The move comes as carmakers in China face new rules designed to boost electric car sales, part of the government's effort to fight pollution. China already has more electric cars on the road than any other country and Ford said it expects sales of all-electric cars in China to reach four million by 2025.
Officials are also working on new rules that would require 8% of car sales to be electric next year and 12% by 2020. A Ford spokesman said the company hoped to reach an agreement with Zotye by the end of the year.
2 India court rules triple talaq unlawful (San Francisco Chronicle) India's Supreme Court has struck down the Muslim practice that allows men to instantly divorce their wives as unconstitutional.
The bench, comprising five senior judges of different faiths, deliberated for three months before issuing its order in response to petitions from seven Muslim women who had been divorced through the practice known as triple talaq.
Indian law minister Ravi Shankar Prasad said that since the court deemed the practice unconstitutional there is no need for any further legislative action by the government.
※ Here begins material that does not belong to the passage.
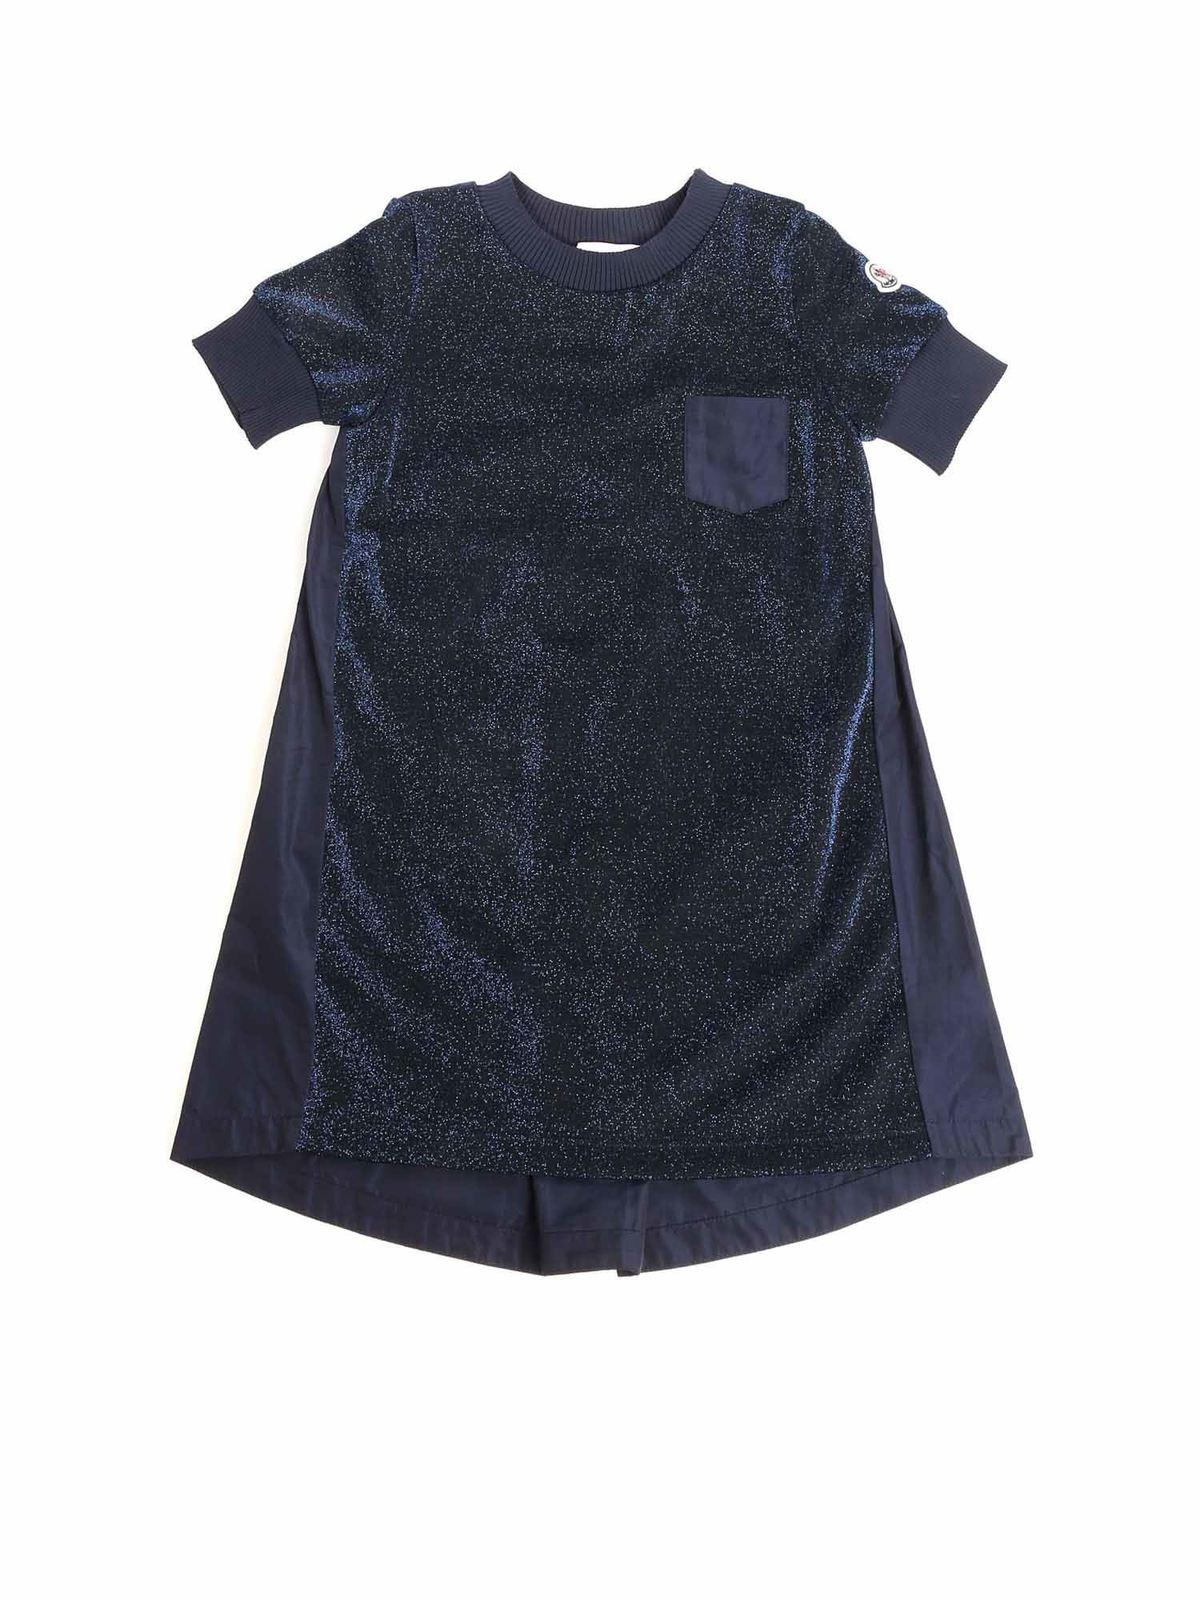 Moncler Jr Cottons BLUE DRESS WITH LOGO DETAIL

The decision was widely lauded by women's rights activists as a step toward granting Muslim women greater equality and justice.
More than 20 Muslim countries, including neighboring Pakistan and Bangladesh, have banned the practice. But in India, triple talaq has continued with the protection of laws that allow Muslim, Christian and Hindu communities to follow religious law in matters like marriage, divorce, inheritance and adoption.
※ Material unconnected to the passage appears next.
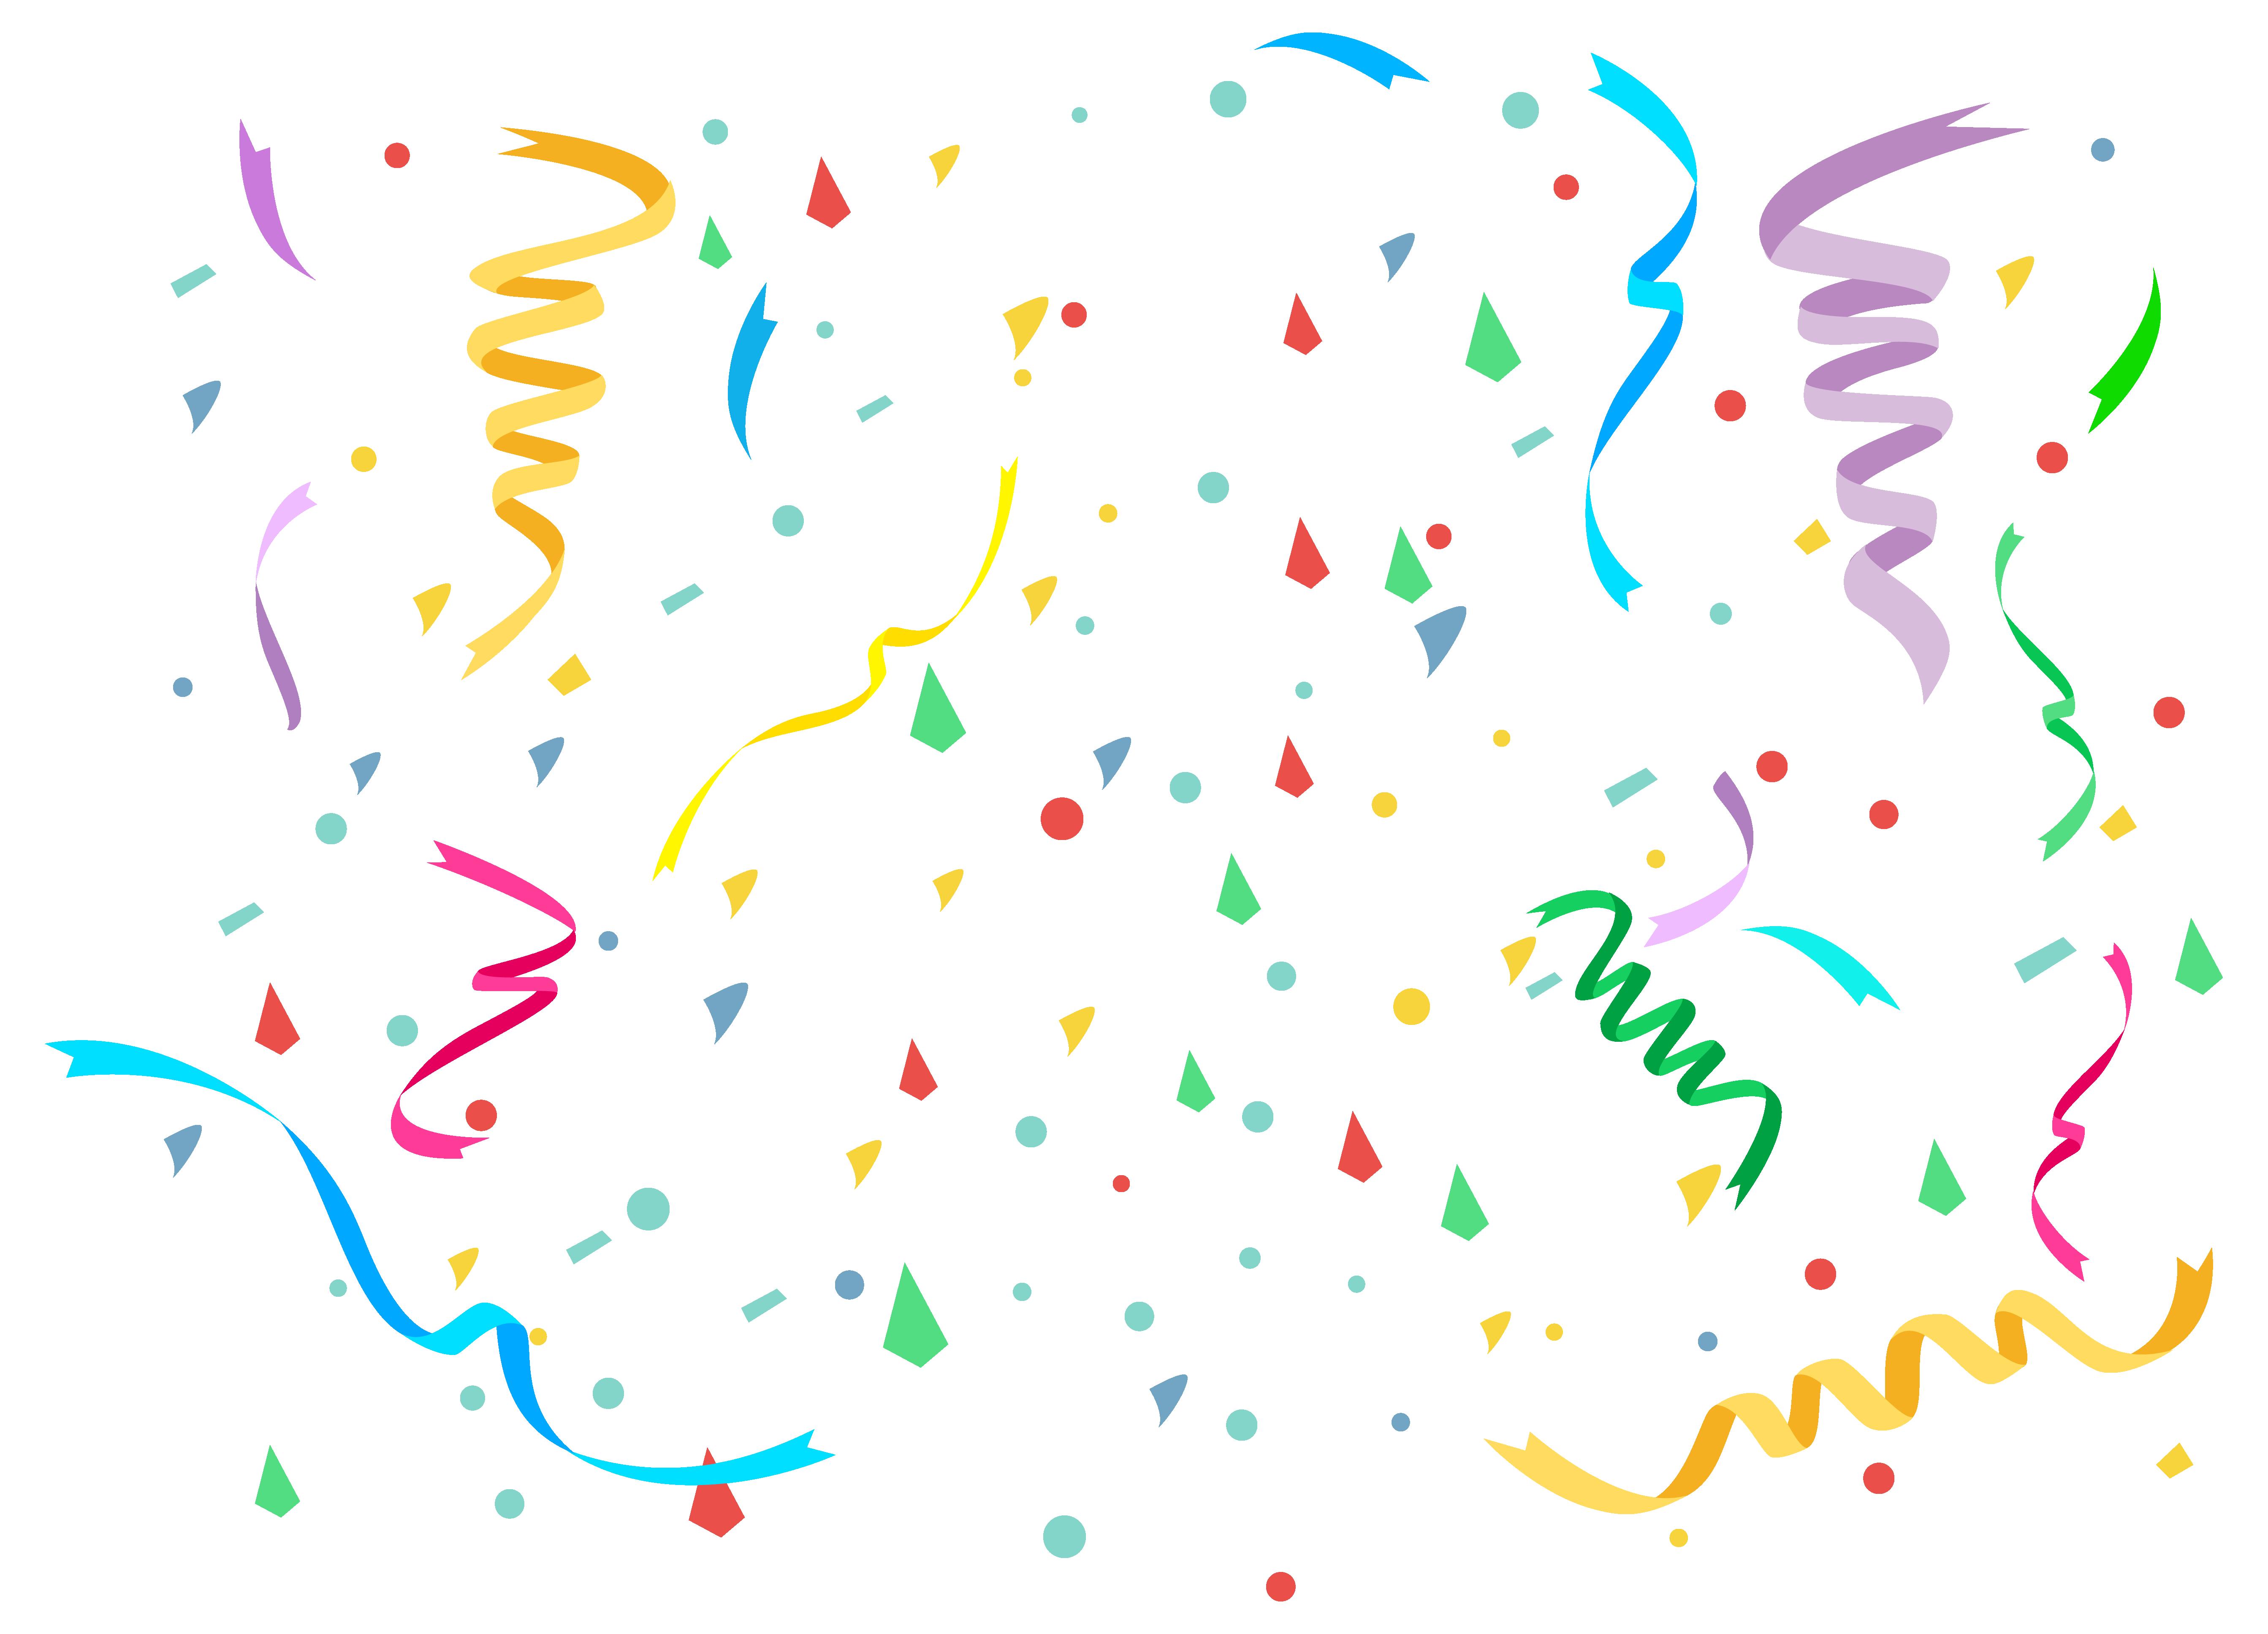 Confetti cake clipart image freeuse stock Birthday cake Clip art - Confetti PNG Clipart Image png download ... image freeuse stock

While most Hindu personal laws have been overhauled and codified over the years, Muslim laws have been left to religious authorities and left largely untouched. Most of the 170 million Muslims in India are Sunnis governed by Muslim Personal Law for family matters and disputes.
India's Muslim Law Board had told the court that while they considered the practice wrong, they opposed any court intervention and asked that the matter be left to the community to tackle. But several progressive Muslim activists decried the law board's position.
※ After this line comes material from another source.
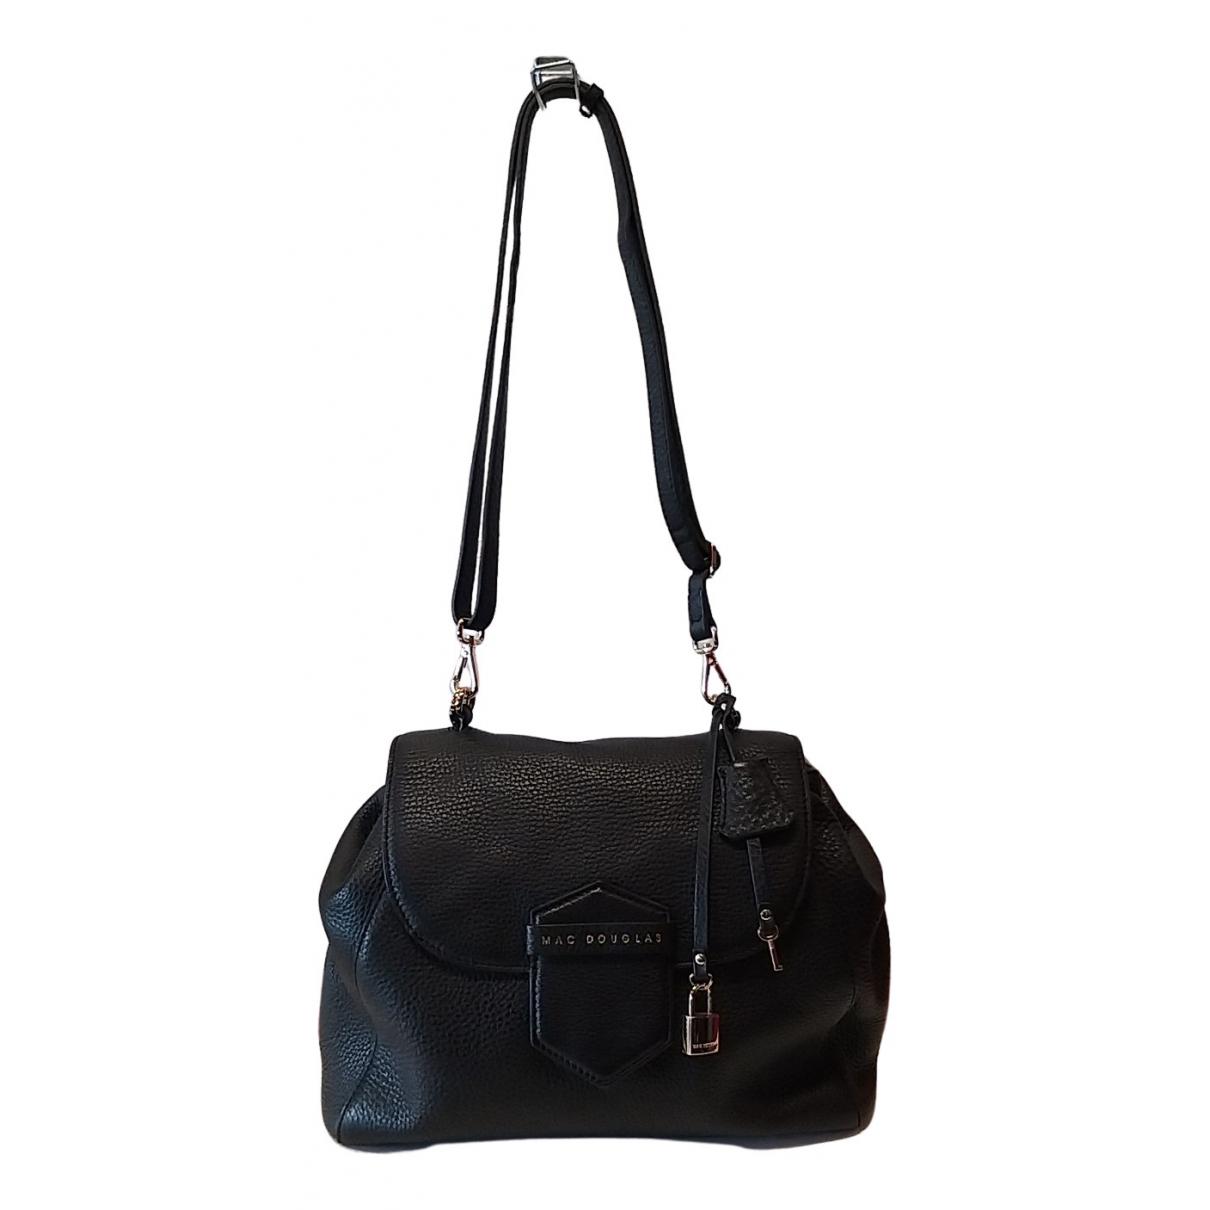 Mac Douglas N Black Leather handbag for Women N

3 Pollution and Mumbai’s blue dogs (The Guardian) Authorities in Mumbai have shut down a manufacturing company after it was accused of dumping untreated industrial waste and dyes into a local river that resulted in 11 dogs turning blue.
The group of strangely coloured canines was first spotted on 11 August, according to the Hindustan Times, prompting locals to complain to the Maharashtra Pollution Control Board about dyes being dumped in the Kasadi river, where the animals often swim. Footage shows the animals roaming the streets with bright blue fur.
“It was shocking to see how the dog’s white fur had turned completely blue,” said Arati Chauhan, head of the Navi Mumbai Animal Protection Cell, said. “We have spotted almost five such dogs here and have asked the pollution control board to act against such industries.” The board investigated, shutting down the company on Wednesday after confirming that canines were turning blue due to air and water pollution linked to the plant.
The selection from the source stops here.